I had no problems doing so when the words in that file were in english, but changing the file to a language with accents, i started having problems.

Had to change the encoding while creating the stream reader, also the culture in the ToLower method while adding the word to the dictionary.

Basically i now have something similar to this:

if (!dict.ContainsKey(word.ToLower(culture)))
    dict.Add(word.ToLower(culture), true);

The problem is that words like "esta" and "está" are being considered the same. So, is there any way to set the ContainsKey method to a specific language or do we need to implement something in the lines of a comparable? Either way i'm kinda new to c# so i would apreciate an example please.

Another issue submerge with the new file... after like a hundred words it stops adding the rest of the file, leaving a word incomplete... but i cant see any special chars in that word to end the execution of the method, any ideas about this problem?

Many thanks.

EDIT: 1st Problem solved using Jon Skeet sugestion.

In regards of the 2nd problem: Ok, changed the file format to UTF8 and removed the encoding in the stream reader since it now recognizes the accents just right.
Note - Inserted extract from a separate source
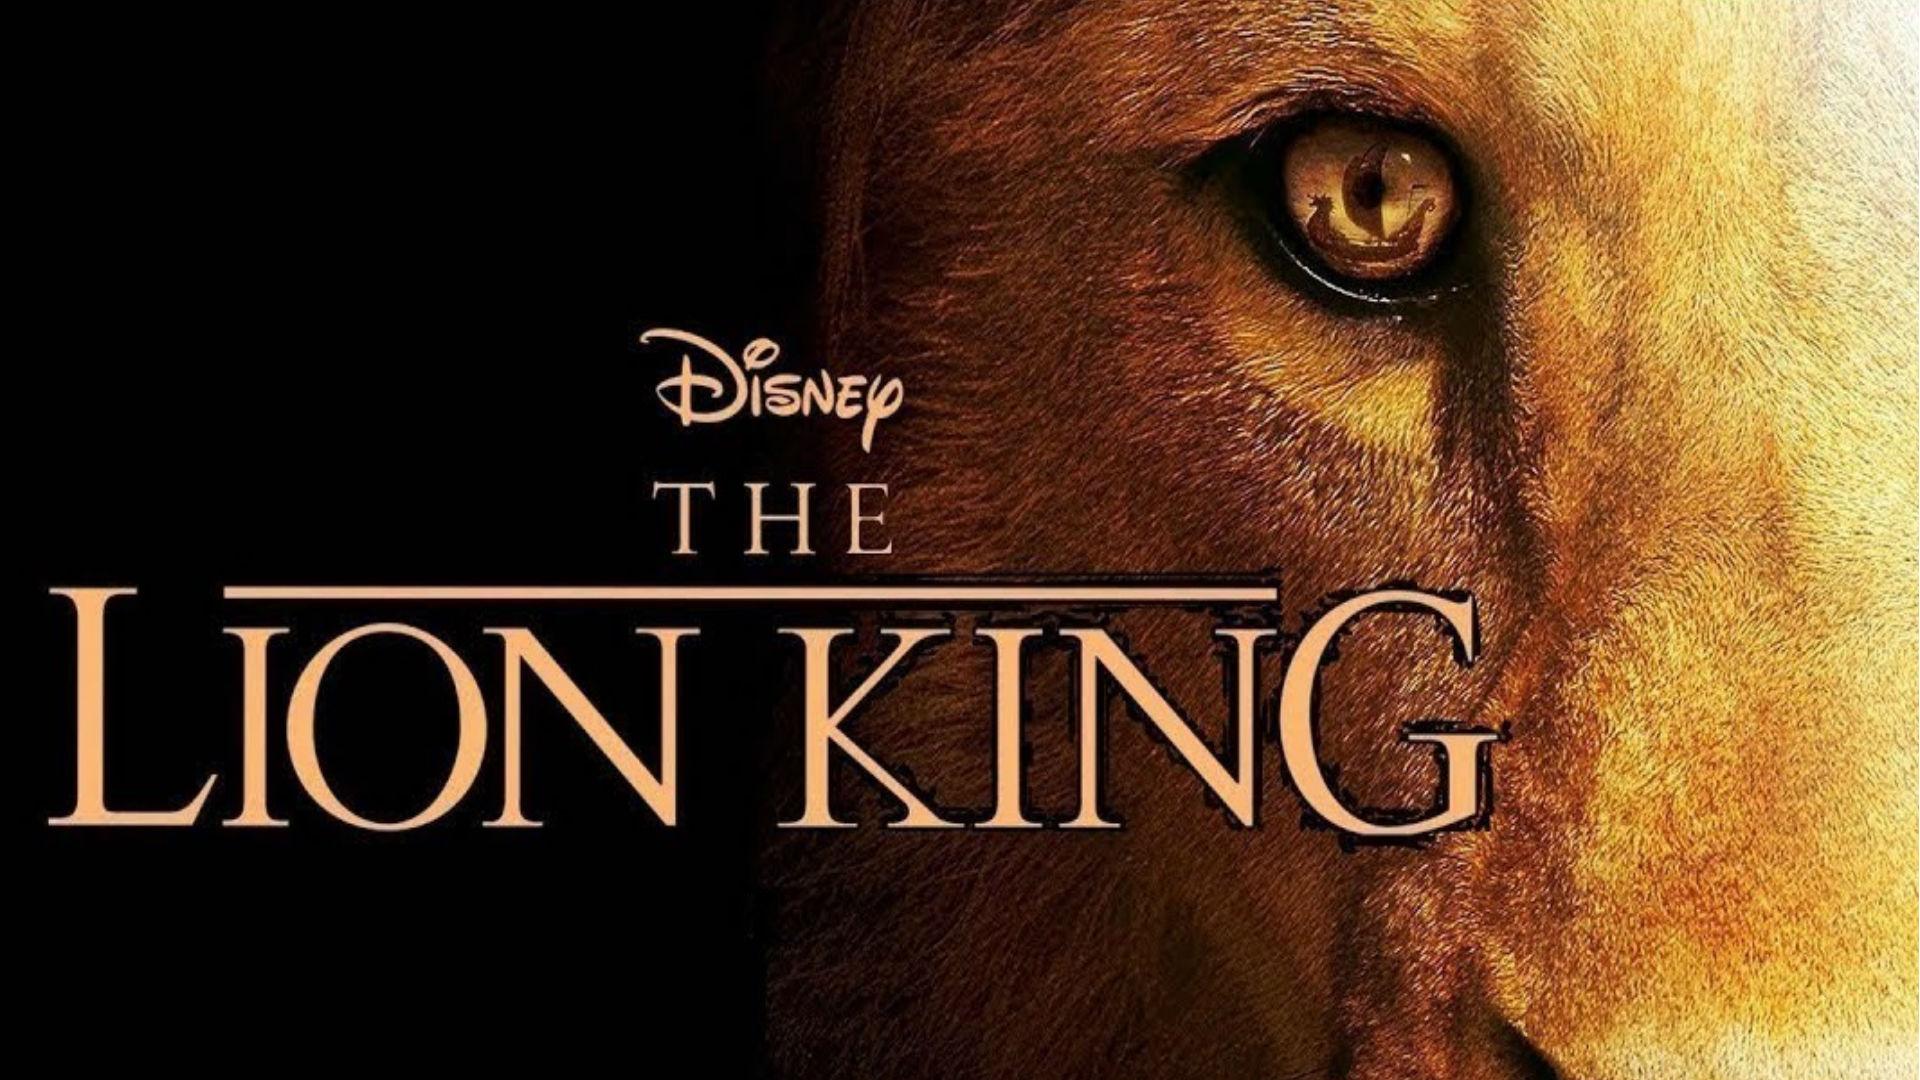 The Lion King Movie: फिल्म के हिंदी वर्जन में आशीष विद्यार्थी-श्रेयस तलपड़े सहित ये सितारे भी देंगे आवाज

Testing some stuff regarding the 2nd issue now.

2nd problem also solved, it was a bug on my part... the shame...

Thnks for the quick answers everyone, and especially Jon Skeet.

like image 462
brokencoding Avatar asked Jan 22 '23 19:01

brokencoding


2 Answers

I assume you're trying to get case insensitivity for the dictionary. Instead of calling ToLower, use the constructor of Dictionary which takes an equality comparer - and use StringComparer.Create(culture, true) to construct a suitable comparer.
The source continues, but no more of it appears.